La période de crise de la congrégation, qui a débuté dans les années 1980 et 1990, n’est pas encore terminée. Elle a donné lieu à de nombreuses rumeurs. Ce qui est indéniable, c’est que la Congrégation a accumulé des dettes en raison de sa mauvaise gestion. Un certain nombre de ses propriétés monastiques ont été vendues pour couvrir cette dette, sa situation financière s’est détériorée et la congrégation a été victime de contrats frauduleux…
Le Collège Samuel-Moorat de Sèvres n’a pas non plus été épargné par la crise qui secoue la Congrégation. La question a été portée devant le tribunal en raison d’un désaccord entre la Congrégation et l’Association Collège Samuel Moorat, qui effectivement gère l’établissement.
Dans la période de crise que connaît la Congrégation des pères mékhitaristes depuis maintenant un demi siècle, la Congrégation de Vienne se démarque. Le monastère de Vienne a réussi à devenir économiquement autonome, à maintenir la vie et l’activité du monastère, à survivre sans heurts, à effectuer des rénovations et à mettre en œuvre la gestion du patrimoine immobilier du monastère.
Lors de la conférence organisée en septembre 2011 à l’occasion du 200e anniversaire de l’établissement des pères mékhitaristes à Vienne, le père Nareg Dadourian a présenté un rapport très positif sur les travaux de rénovation du monastère et sur la signature de nouveaux contrats pour la rénovation et la location des propriétés du monastère. Le père Dadourian fait partie de la commission de trois membres nommée par le pape pour venir en aide à la Congrégation des pères mékhitaristes.
Indépendamment des questions économiques et de gestion de la Congrégation, la principale problématique de l’Eglise arménienne est de recruter de nouveaux ecclésiastiques.
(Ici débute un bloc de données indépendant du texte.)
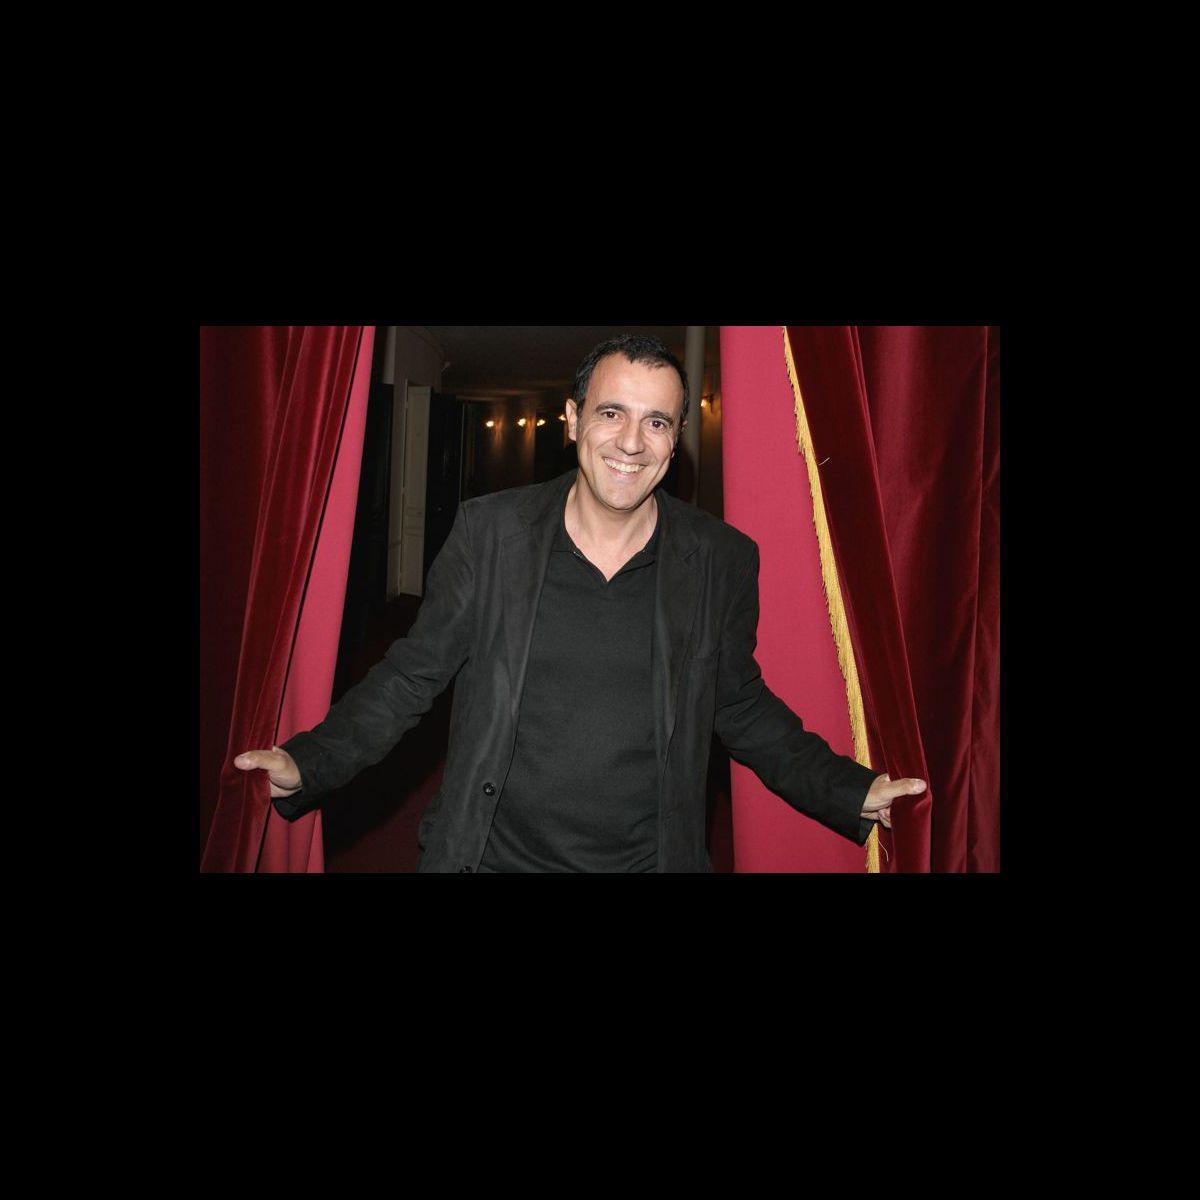 Thierry beccaro motus c 39 est une s curit pour moi for Telematin theatre

Naturellement, un système de gestion plus sain et des conditions économiques plus prospères pourraient aider. Nous n’avons que des informations extérieures sur les problématiques de la communauté religieuse, et on ne parle que très peu de la perte de sens de la mission spirituelle. Est-ce la conséquence d’une perte de la foi ? Cette question se pose dans l’esprit de beaucoup de gens, sans qu’aucune réponse précise n’y soit apportée. Quoi qu’il en soit, la Congrégation des pères mékhitaristes de Vienne reste fidèle au chemin qu’elle a emprunté. Sa contribution à la culture et aux études arméniennes est grande.
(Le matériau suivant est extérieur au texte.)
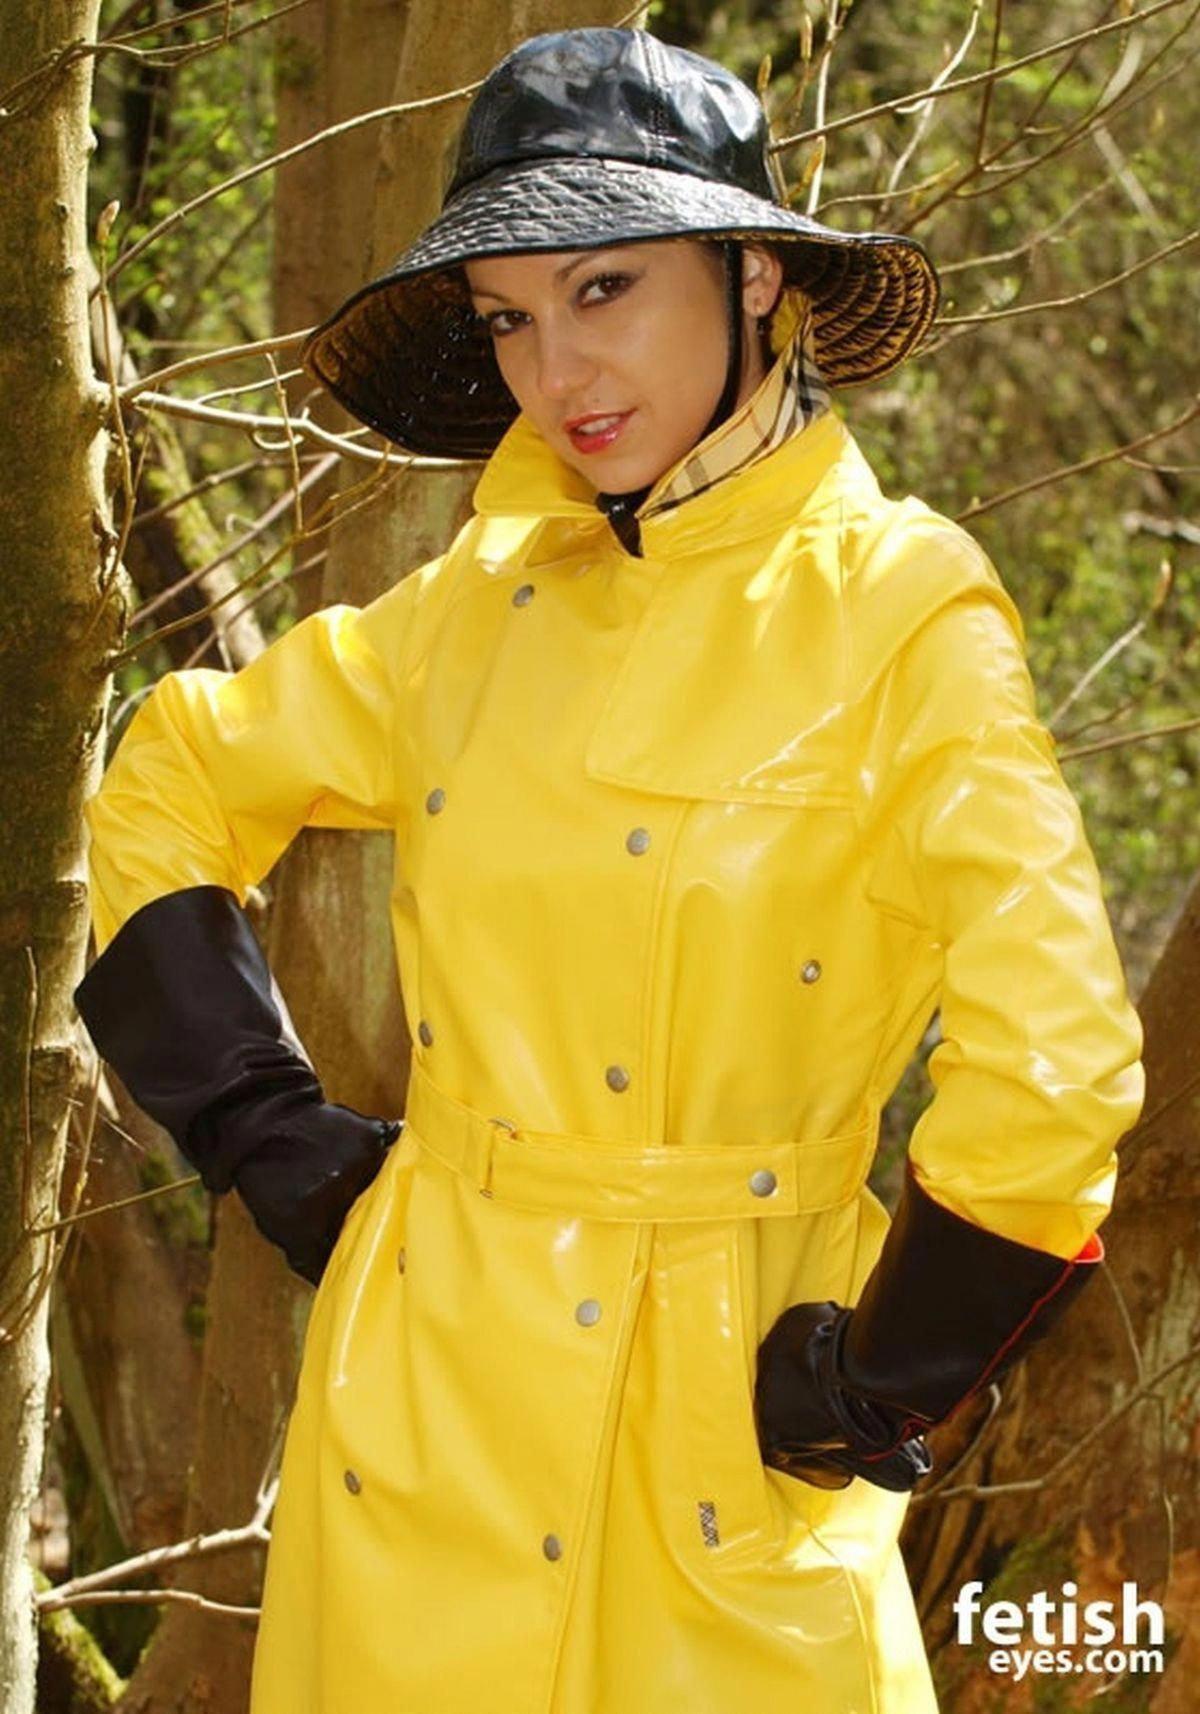 Alicia in red Vinyl 2 | Raincoats for women, Rainwear

La Congrégation des pères mékhitaristes de Vienne en bref
Une partie des congrégationnistes de Venise ont décidé de faire scission de la congrégation et de s’installer à Vienne, après être passés par Trieste. En 1810, avec l’autorisation de l’empereur François-Joseph Ier, un second centre de la Congrégation des pères mékhitaristes fut établi à Vienne, qui abrita à partir de 1811 un monastère. En 1837, la construction d’un nouveau monastère est lancée. Le monastère et la rue actuelle portent le nom des mékhitaristes. En 1874, le monastère a pris son aspect actuel avec une nouvelle église, conçue par Camillo Sitte. L’image géante de l’autel, qui représente le monde de l’Arménie sous la protection de la Mère de Dieu, est très impressionnante. Et le tabernacle de Saint Grégoire l’Illuminateur est aussi une œuvre d’art unique, conçue par Theophil Eduard von Hansen, l’architecte du Parlement de Vienne.
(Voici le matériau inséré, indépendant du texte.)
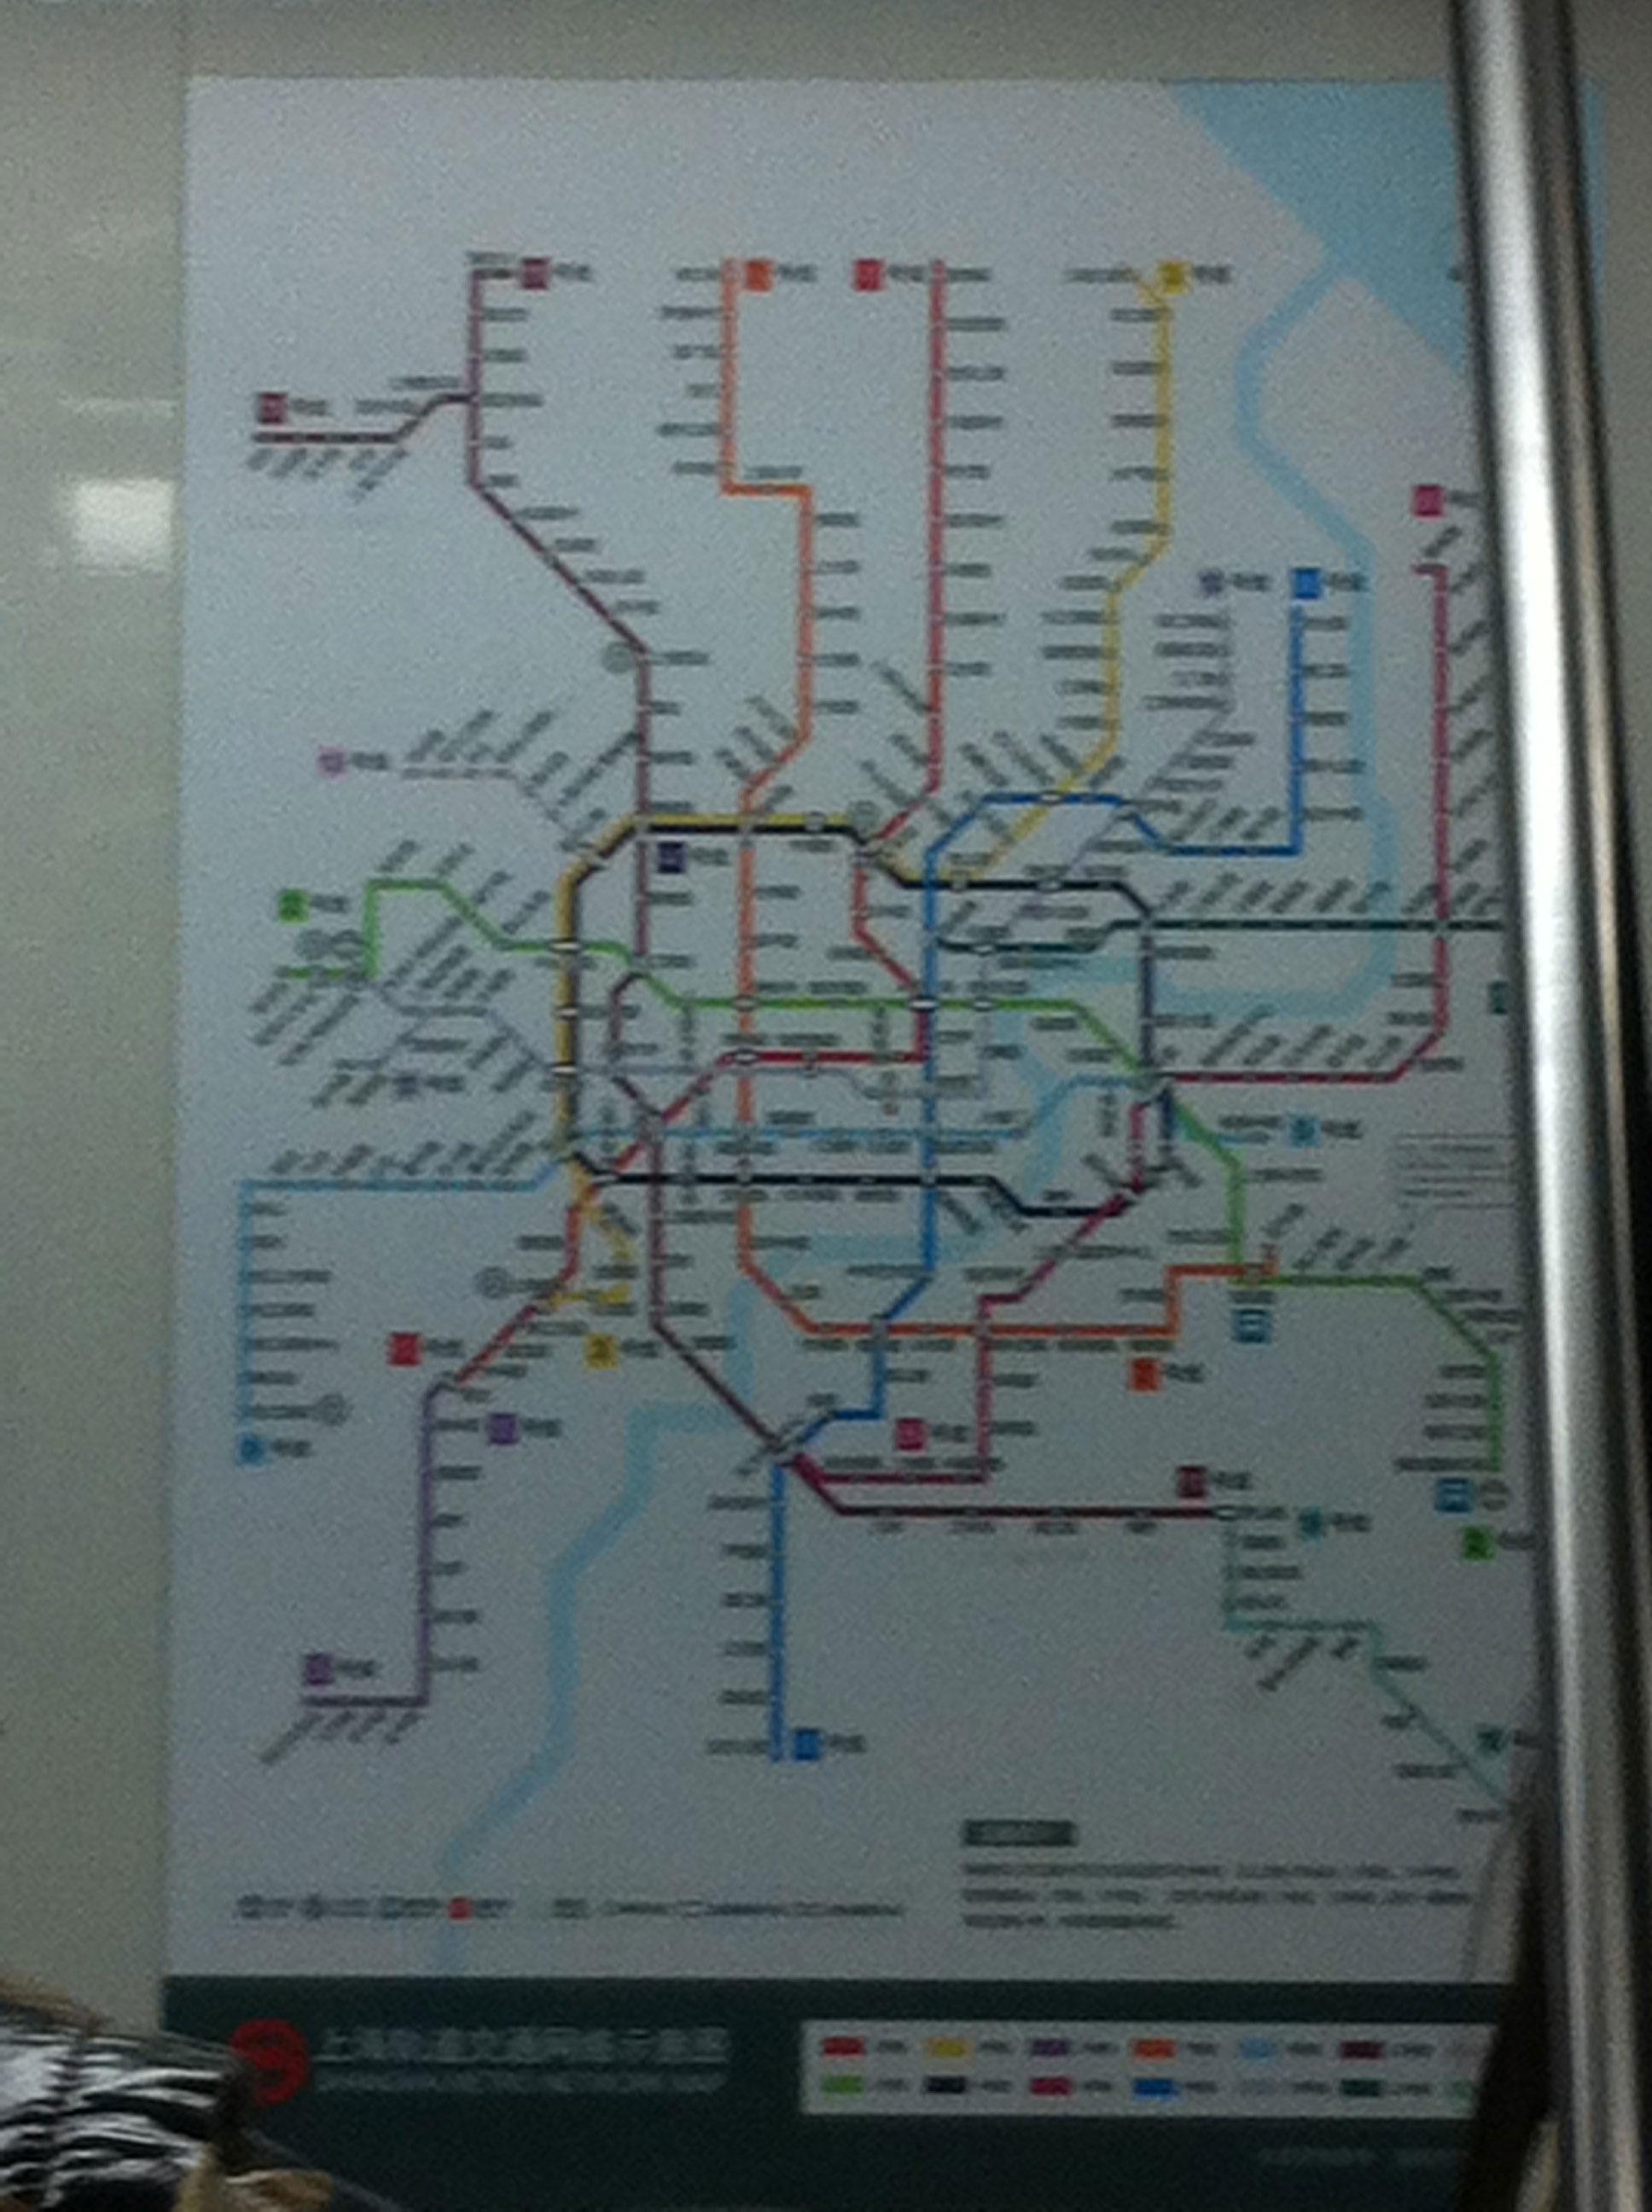 Shanghai Metro System

Grâce aux travaux de réparation réalisés à l’occasion de la célébration du 200e anniversaire en 2011, l’église de la Mère de Dieu et les différentes sections du monastère ont retrouvé leur éclat d’origine. La rénovation du monastère fut coûteuse et compte tenu de la valeur historique et culturelle de l’édifice, elle a nécessité une attention toute particulière pour la rénovation, avec la participation de spécialistes de la rénovation et d’entreprises de construction spécialisées des monuments historiques.
La partie principale du monastère a été construite en 1837, selon les plans du célèbre architecte Joseph Kornhäusel.
En 2000, à l’occasion du 300e anniversaire de la fondation de la Congrégation des pères mékhitaristes et des 227 ans de la scission des deux congrégations, les mékhitaristes de Vienne et de Venise se sont enfin réunis en une seule congrégation.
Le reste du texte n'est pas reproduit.